A banda de Leiria está um bocado atarantada com o sucesso que lhe bateu à porta neste verão . Davis , apesar de ser o único elemento do grupo com o instinto do palco e do espectáculo , só agora aprendeu a reagir aos comentários do público feminino . Mas ainda fica atónito se duas jovens de mini-saia como aconteceu no estádio do Varzim lhe entram pelo camarim antes do enício do concerto que deram juntamente com os GNR e os Xutos & Pontapés . O vocalista não se furta a dar beijinhos da praxe na maquilhagem pegajosa das fãs poveiras mas não tem resposta quando uma lhe diz :«Tens uns lábios » Coloca-as for a do camarim , diplomaticamente , e desabafa : «Um homem ouve cada coisa ! eu até sei que elas dizem isso porque eu tenho olhos verdes e esta cara.»
A frequente repetição destes comentários provoca-lhe um incómodo sentimento de lisonja . «Já passei por todas as fases . Já lidei pior com isto , mas também já achei mais graça a estas cenas.» Prefere o contacto com as fãs adolescentes , que ficam com lágrimas nos olhos quando têm oportunidade de tirar uma fotografia com os elementos da banda . Algumas horas antes , no estádio do Varzim ouviu-se uma menina recomendar à amiga «Ó Ana , não chores » , de tão emocionada que se encaontrava por ter oportunidade de conhecer os músicos .
Quem prefere que David seja o centro das atenções é o baterista , Tozé Pedrosa , 27 anos . Fechado como uma ostra , até deve agradecer esta circunstaância aos seus deuses protectores . Tozé pertence àquela categoria de pessoas que gosta de canminhar descretamente por entre os pingos da chuva , o observar o exterior sem dar nas vistas . gentil e contido , só parece ter vontae de sair da concha quando mergulha numa brincadeira de gestos intimistas e tranquilos com as suas baquetas de madeira americana Pro Mark 717 .
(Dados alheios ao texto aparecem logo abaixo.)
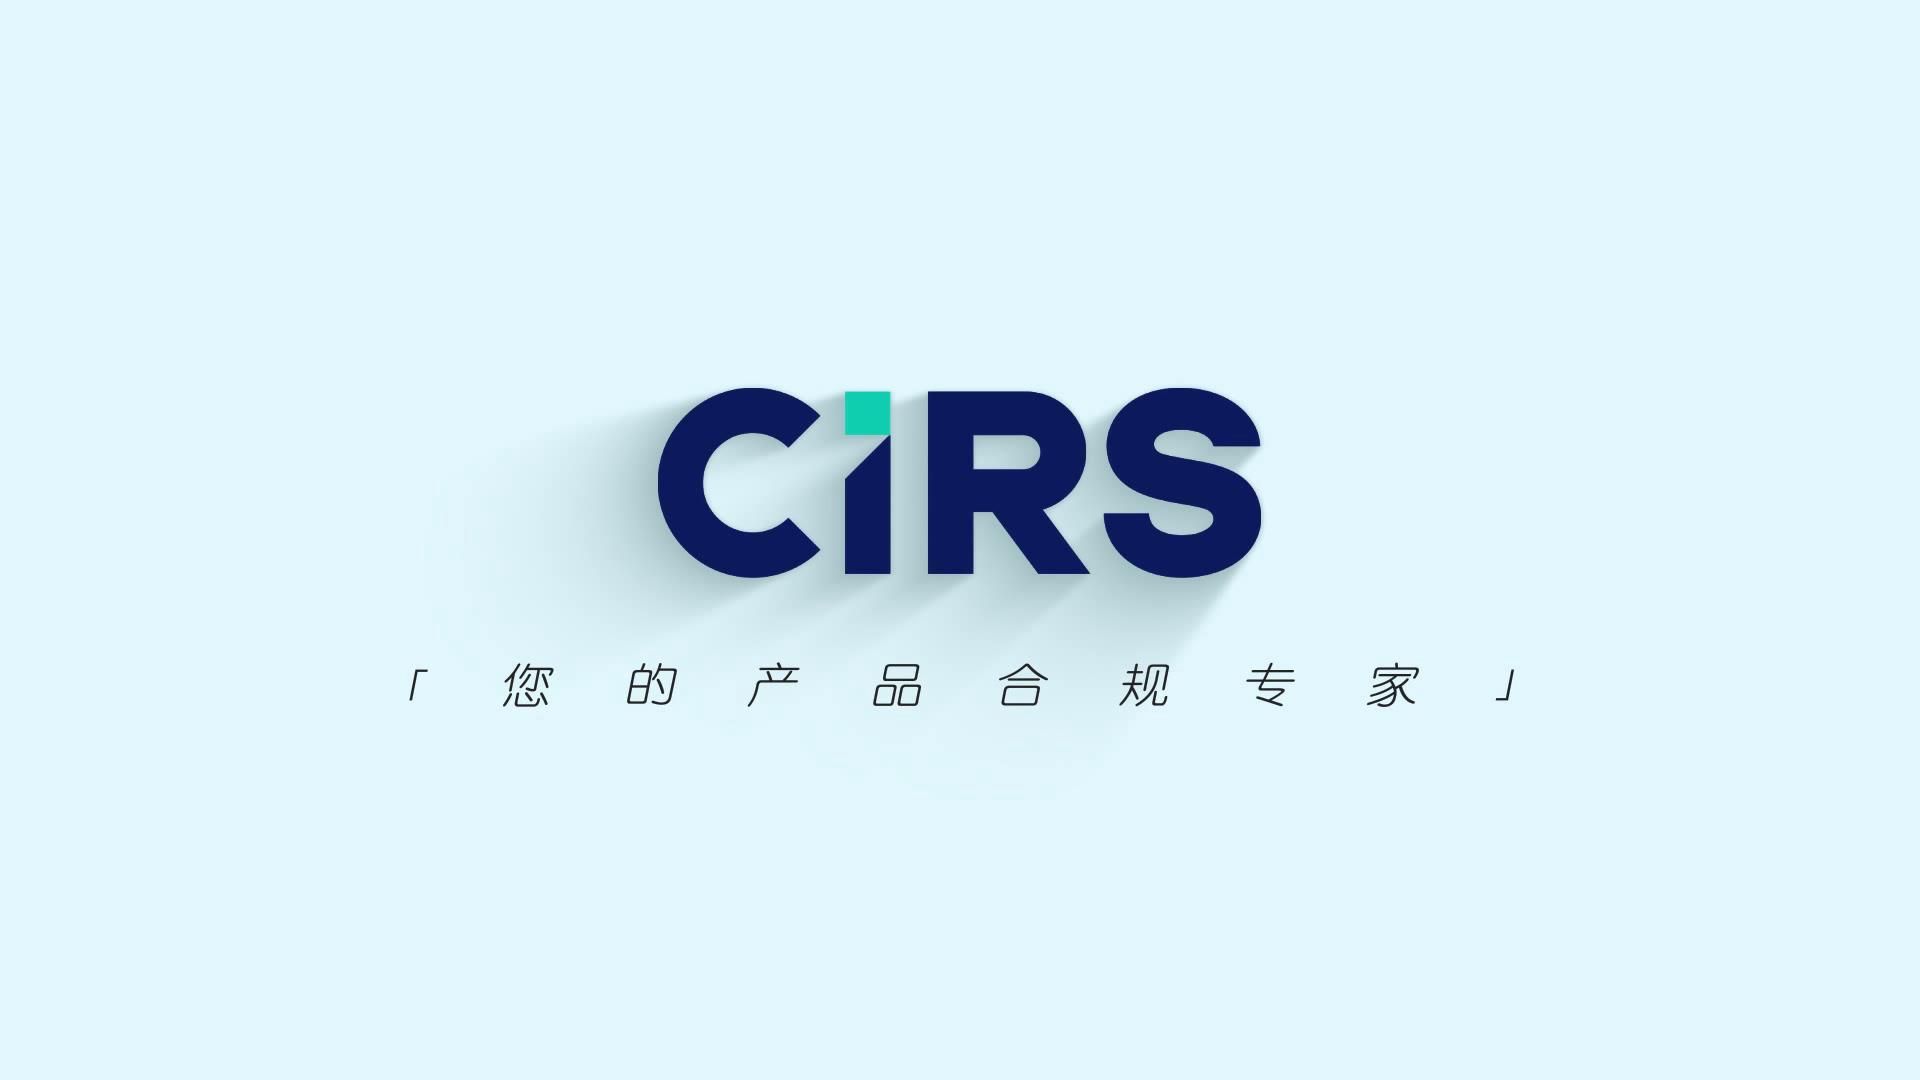 工业化学品- CIRS Group

Sofia Lisboa , 21 anos , a única voz feminina da banda , acaba por ser a mascote do grupo . Rejeita o estatuto , mas a verdade é que os colegas, o «manager» e os técnicos a tratam com especial carinho. Apesar disso , Sofia diz que que sente a «falta de uma companhia feminina » , durante a «tourné». David dá-lhe o mimo que pode a acompanha-a às lojas de Visela e da Póvoa do Varzim na busca de um biquini perfeito , para usar na Zambujeira . Não o encontra . «Sempre são duas peças para conjugar », mas aproveita a ternura do amigo , porque «ele é muito querido , quase um irmão mais velho» . Além disso , os Silence 4 são uma espécie de família , «muito unida, o que nos faz sentir quase como se estivéssemos em casa neste período de tournée em que vivemos de hotel em hote» comenta o baixo canhoto , cheio de saudades da sua gata : «Bichos dão trabalho em digressão.»
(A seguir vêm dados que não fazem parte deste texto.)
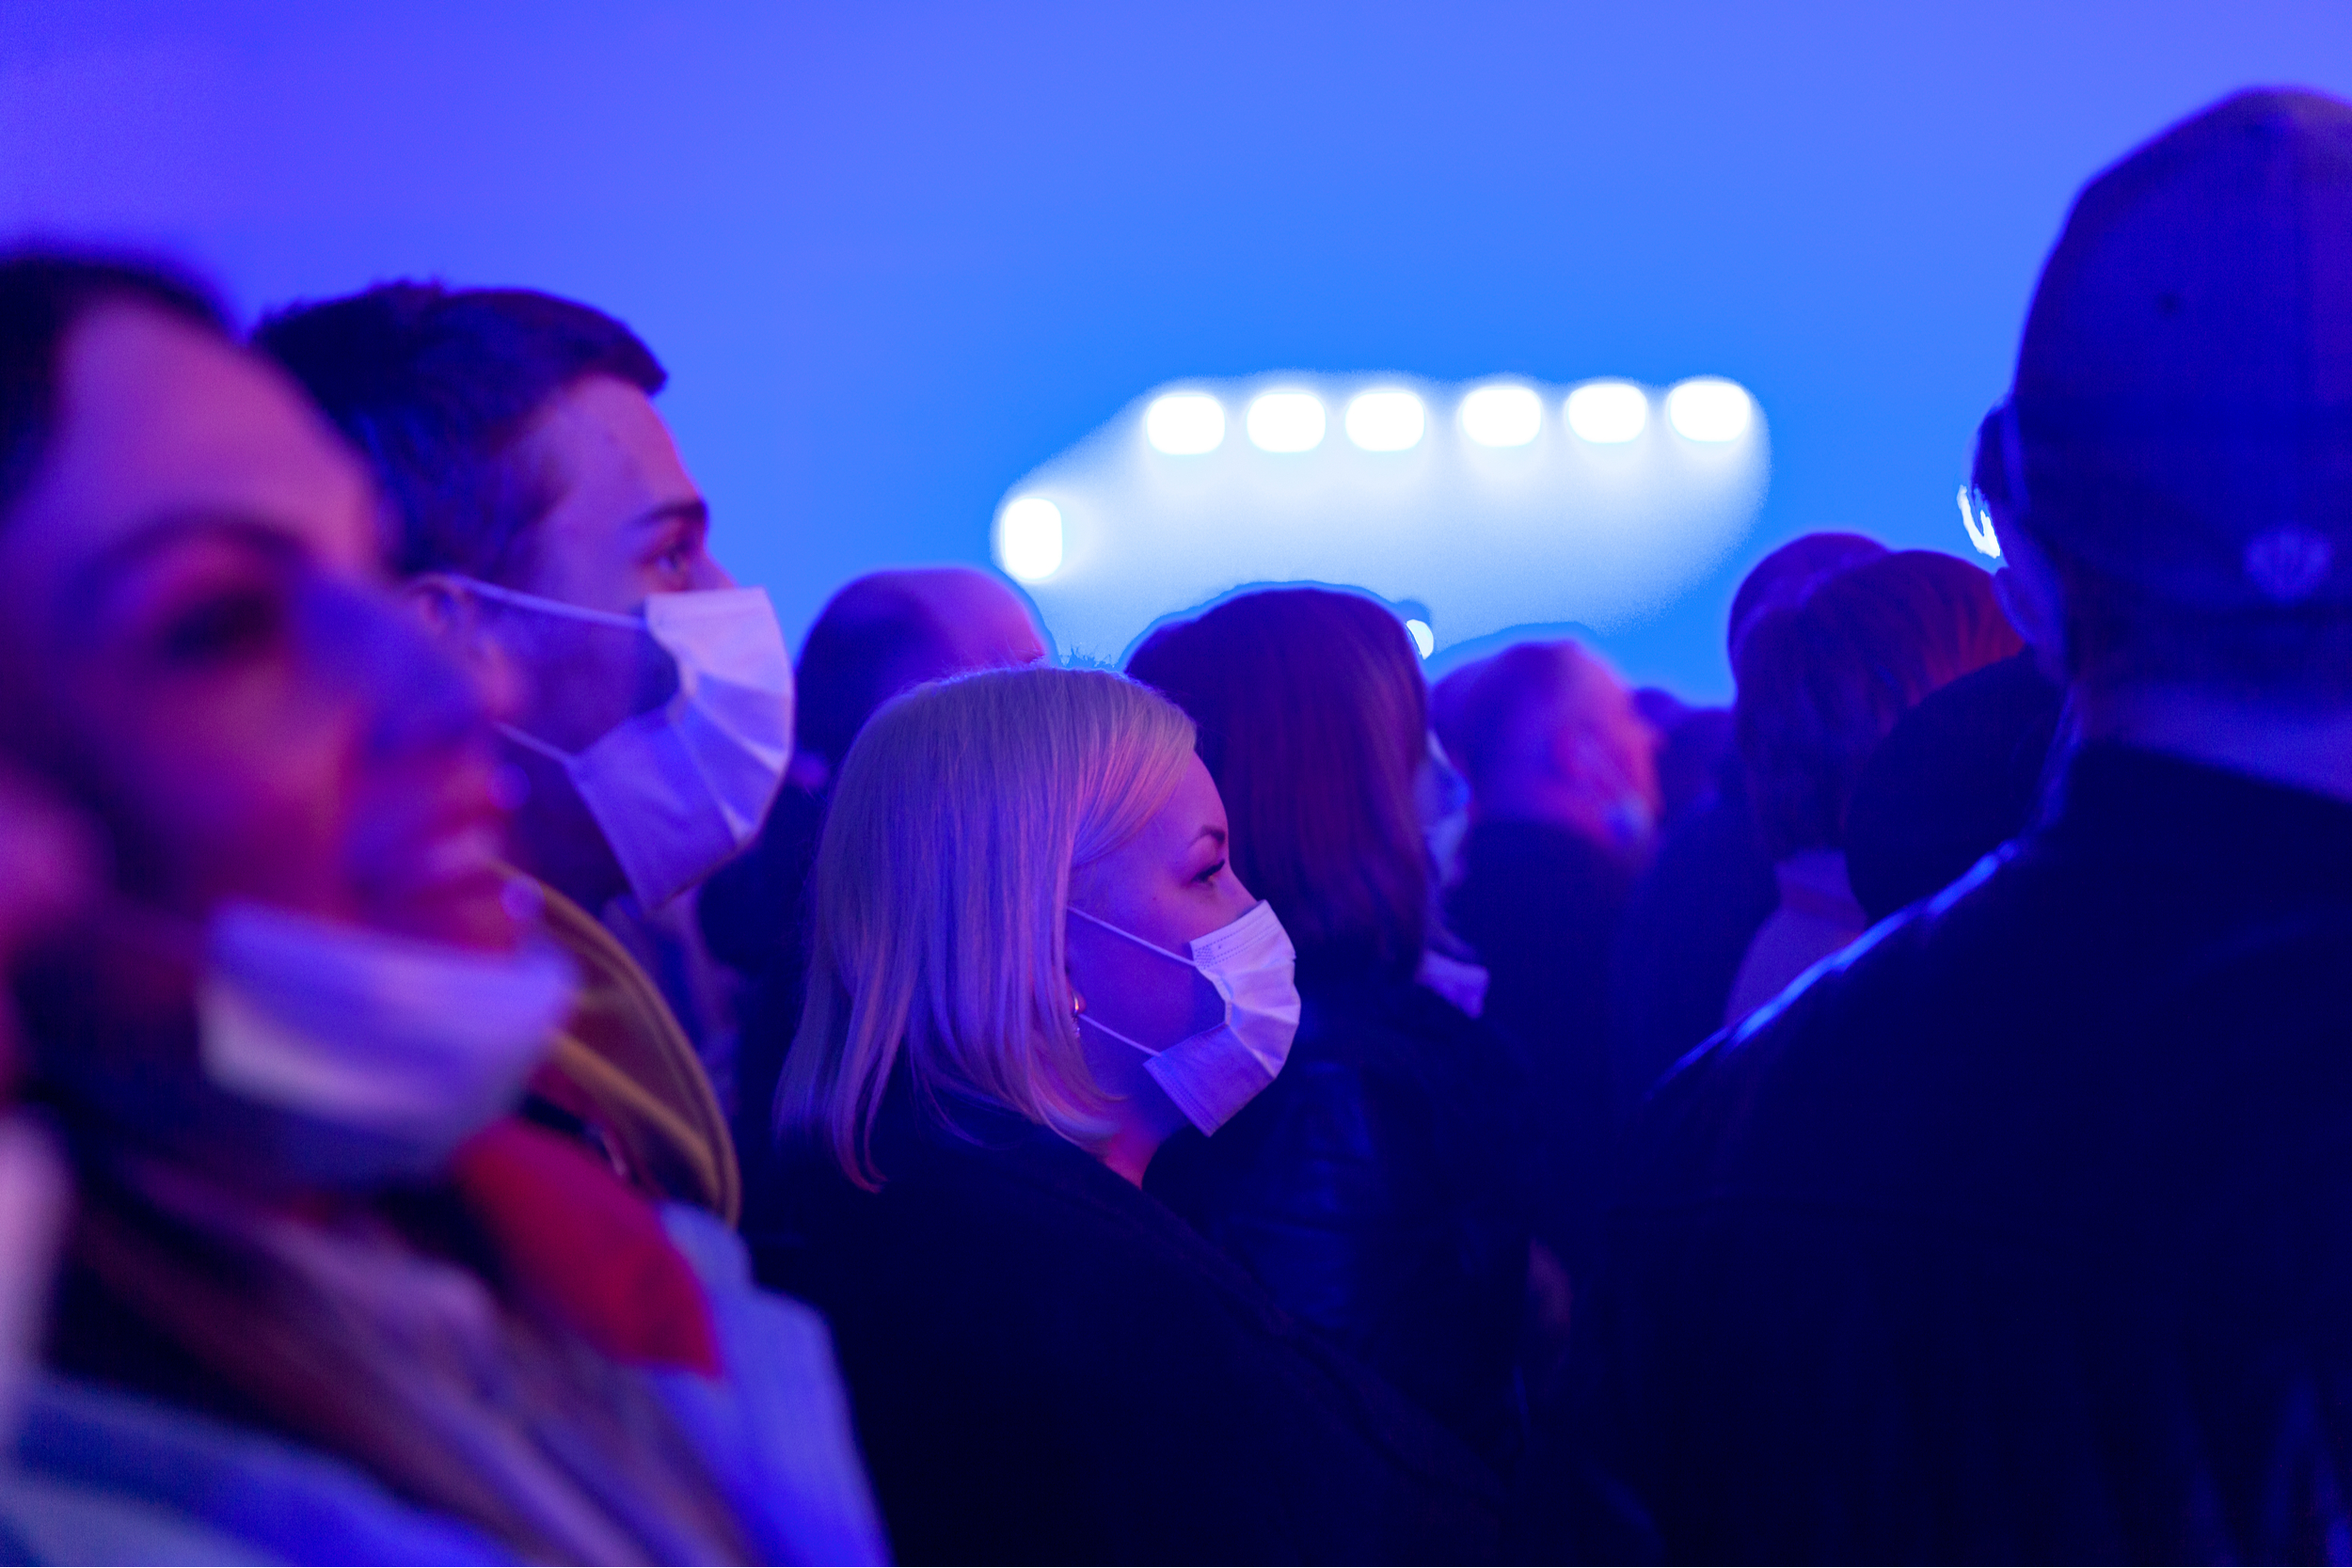 koncert w czasie pandemii, przedłużenie obostrzeń covidowych, fot. Shutterstock

A chegada à Povoa foi atribulada . Eram 5 da tarde de sábado (8 de Agosto) , havia um nervoeiro cerrado , e os músicos anseavam por um banho e uma cama onde pudessem descansar umas horas antes do concerto daquela noite no estádio do Varzim . Setiam a ressaca do estectáculo da jornada anterior (em Francelos), que acabara às 4 horas da manhã . Dos cinco quartos inicialmente reservados quatro duplos para os homens da banda e equipa técnica , e um «single» para a Sofia- , o hotel Luso-Brasileiro só possuia um aposento disponível. O quarto 304 , sombrio, tinha nas camas desconfortáveis leçóis de «terylene» . O promotor do espectáculo resolve o incómodo, recambiando a banda de volta para pernoitar no Porto , onde já tinham dormido a última noite .«Pelo menos ficamos mais perto so Sudoeste» (festival na Zambujeira onde iriam tocar no dia seguinte), desabafa um deles.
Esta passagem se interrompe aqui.